**Activity**
Reproduce the listing below exactly, minus its pictures.

**Exercise data**
*** Block opens ***

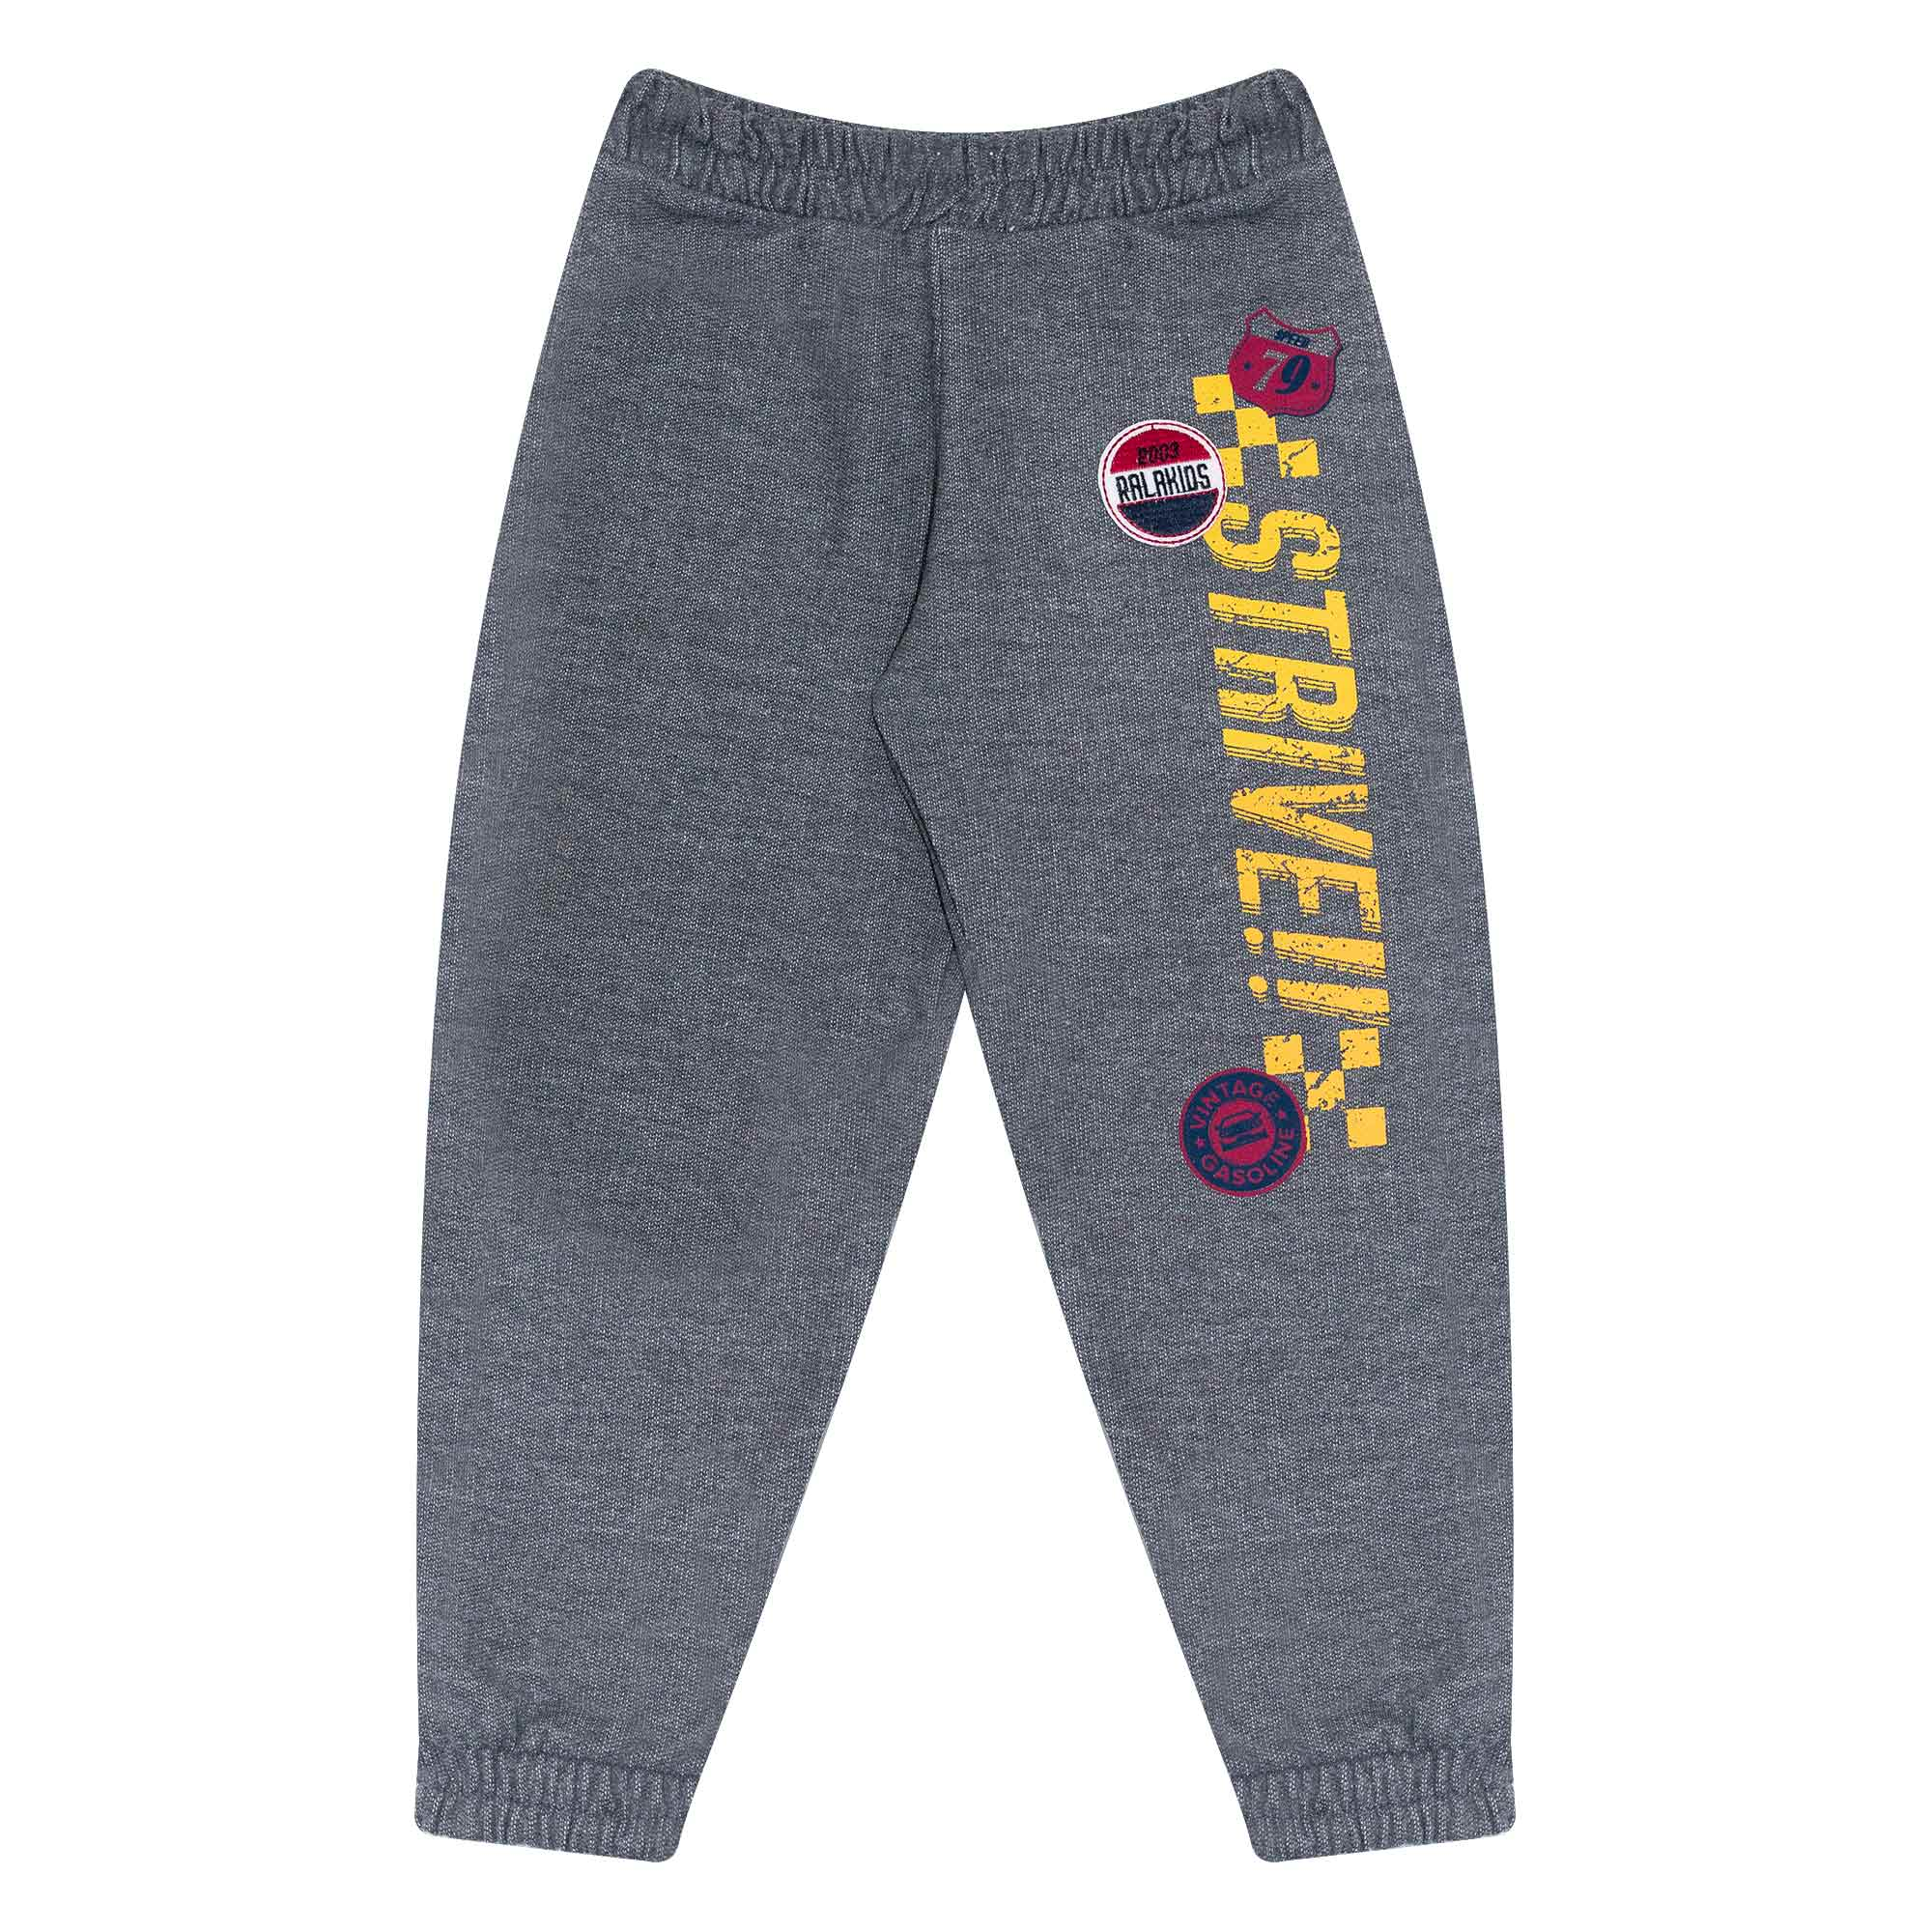 Calça Infantil Masculino - Ref 4156 - Mescla Escuro - Ralakids
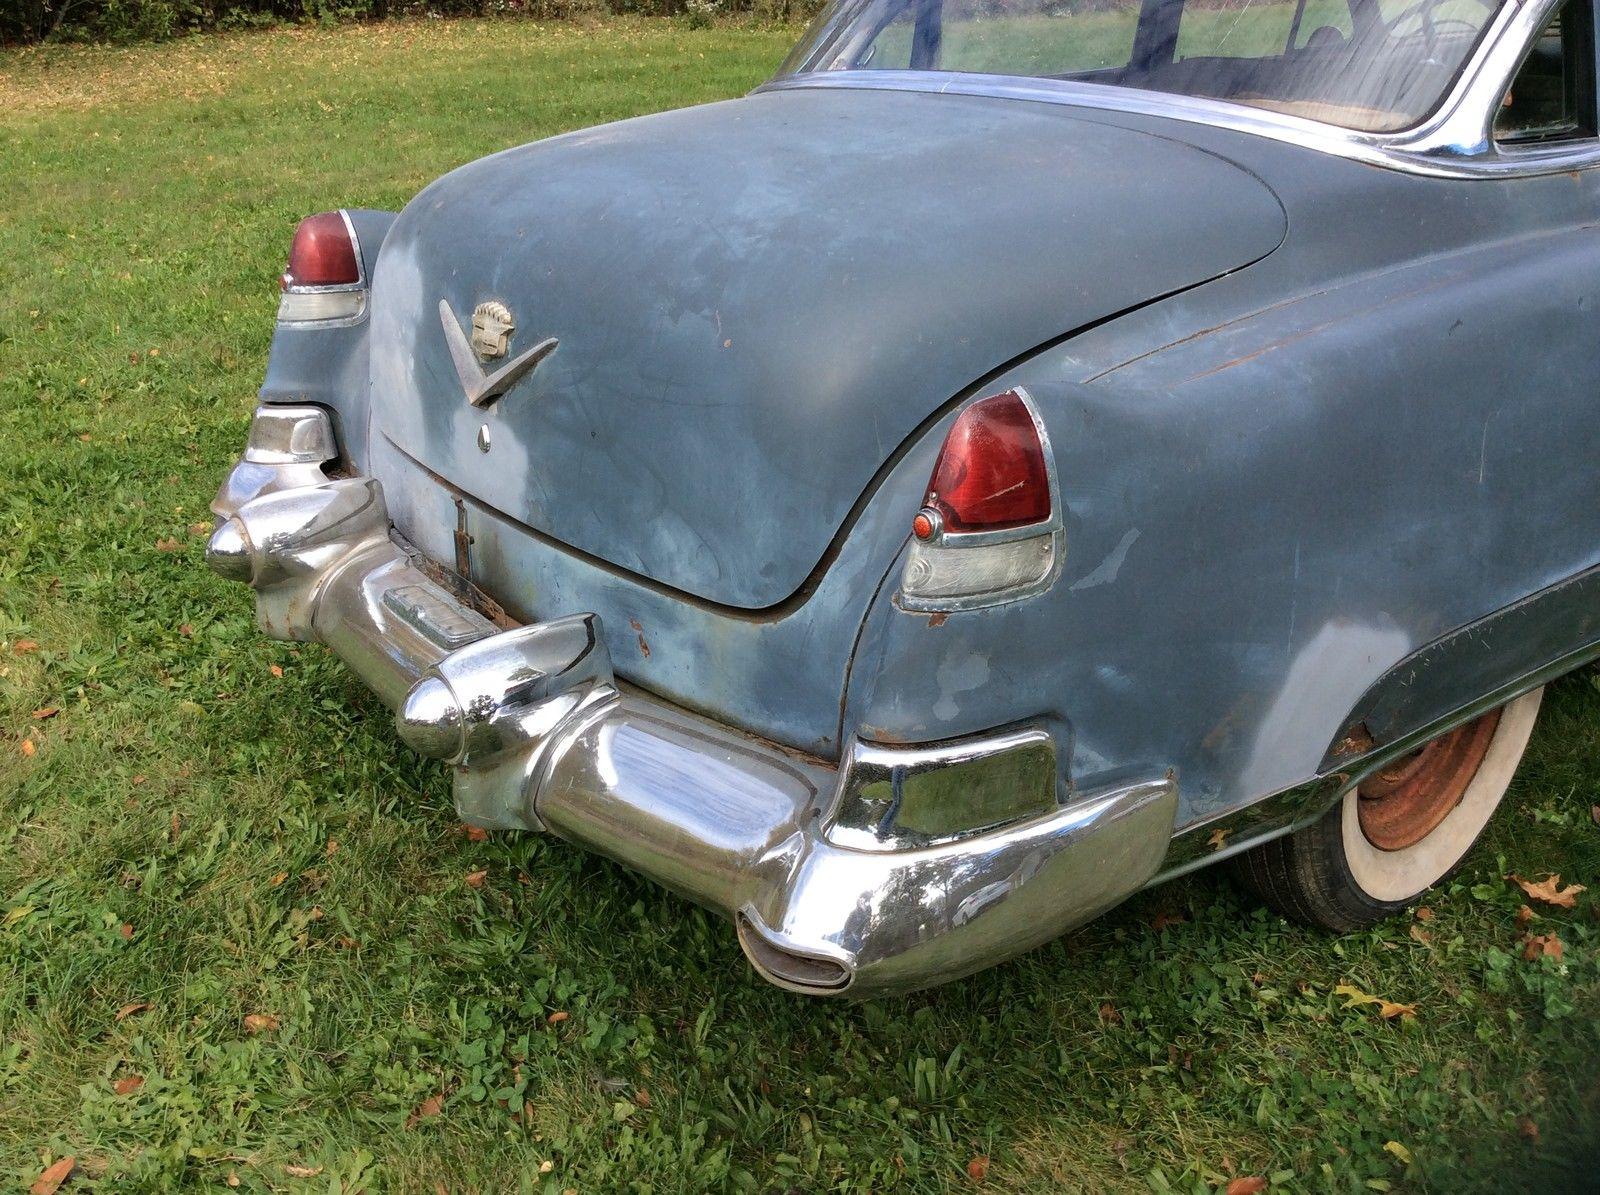 1953 Cadillac Sedan Deville Parts Car Nice Complete Original 0 No 1951 Prevnext
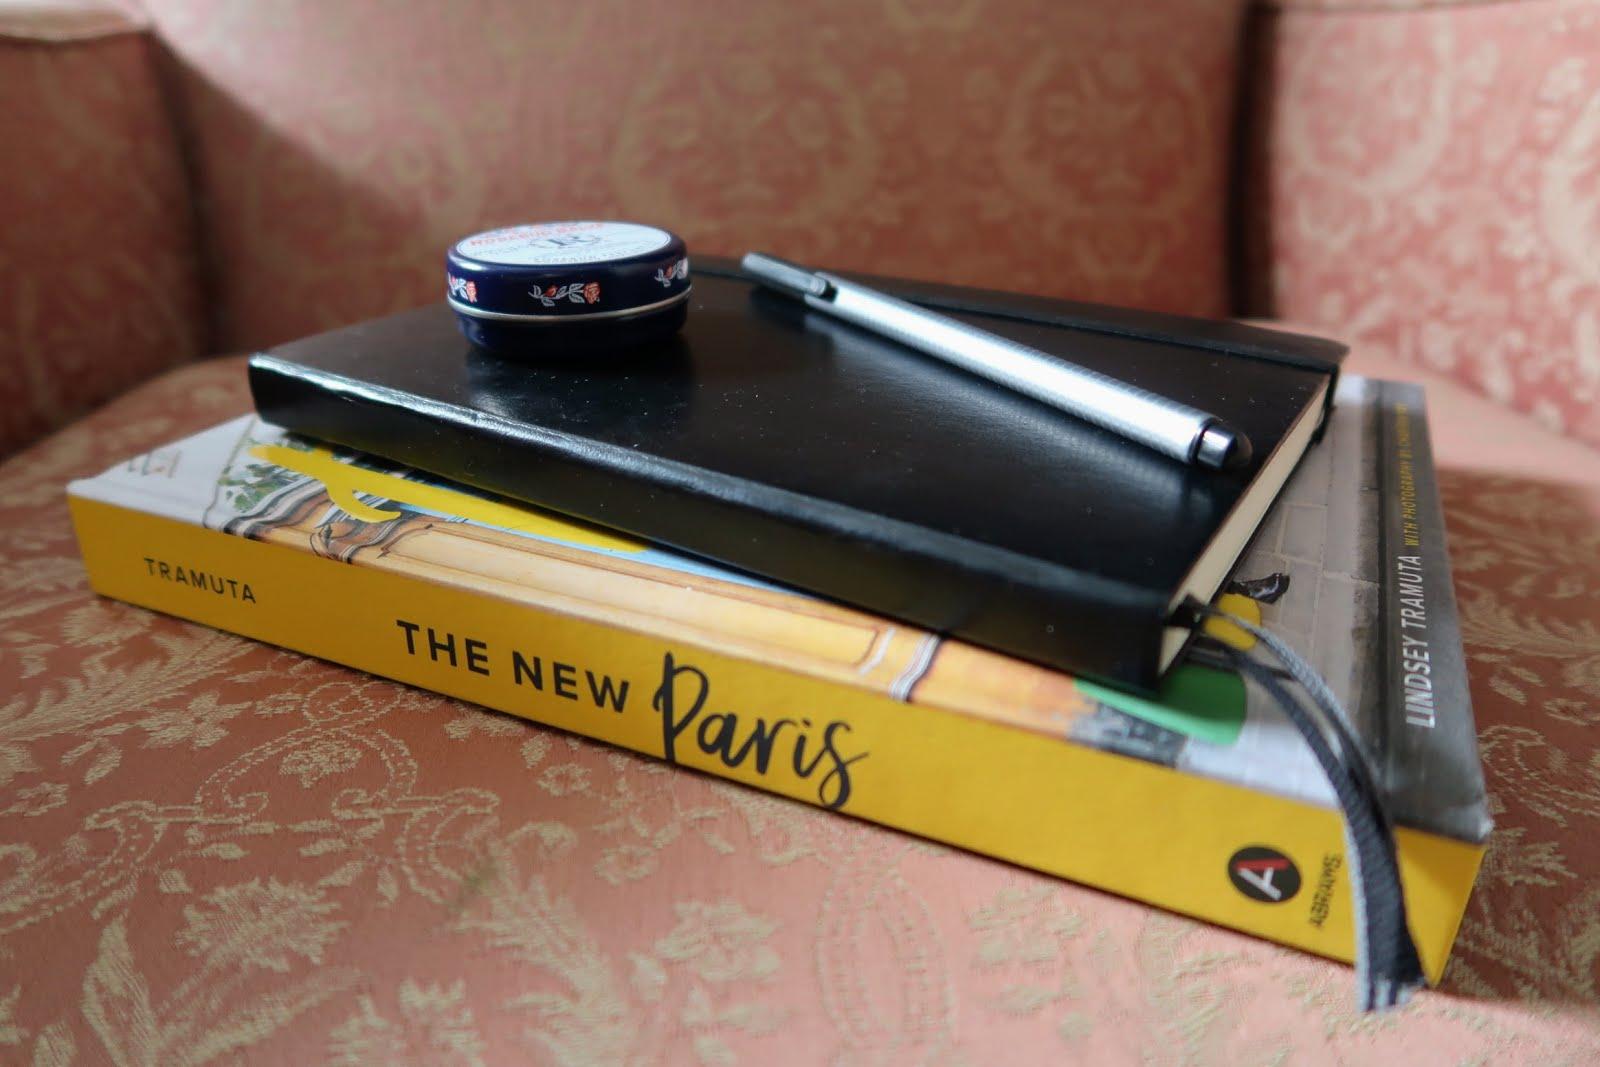 bullet journal plan planning notebook leuchtturm pink chair the new paris book
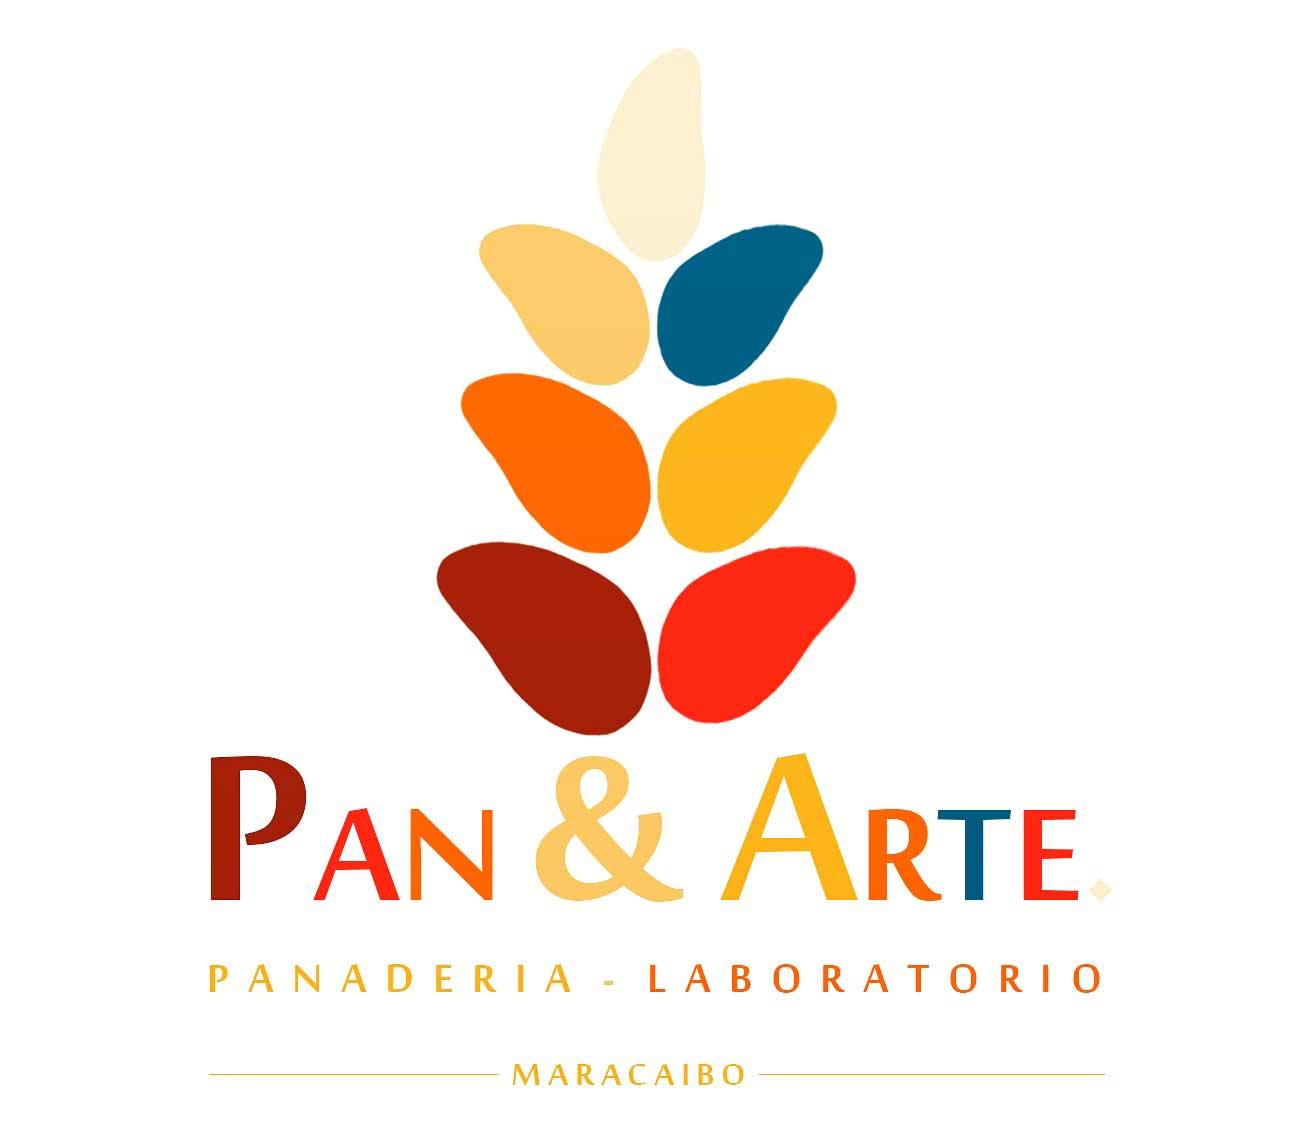 La Fábrica de Pan y Arte

*** Block closes ***

**Result of the exercise**
 Calça Infantil Masculino - Ref 4156 - Mescla Escuro - Ralakids
 1953 Cadillac Sedan Deville Parts Car Nice Complete Original 0 No 1951 Prevnext
 bullet journal plan planning notebook leuchtturm pink chair the new paris book
 La Fábrica de Pan y Arte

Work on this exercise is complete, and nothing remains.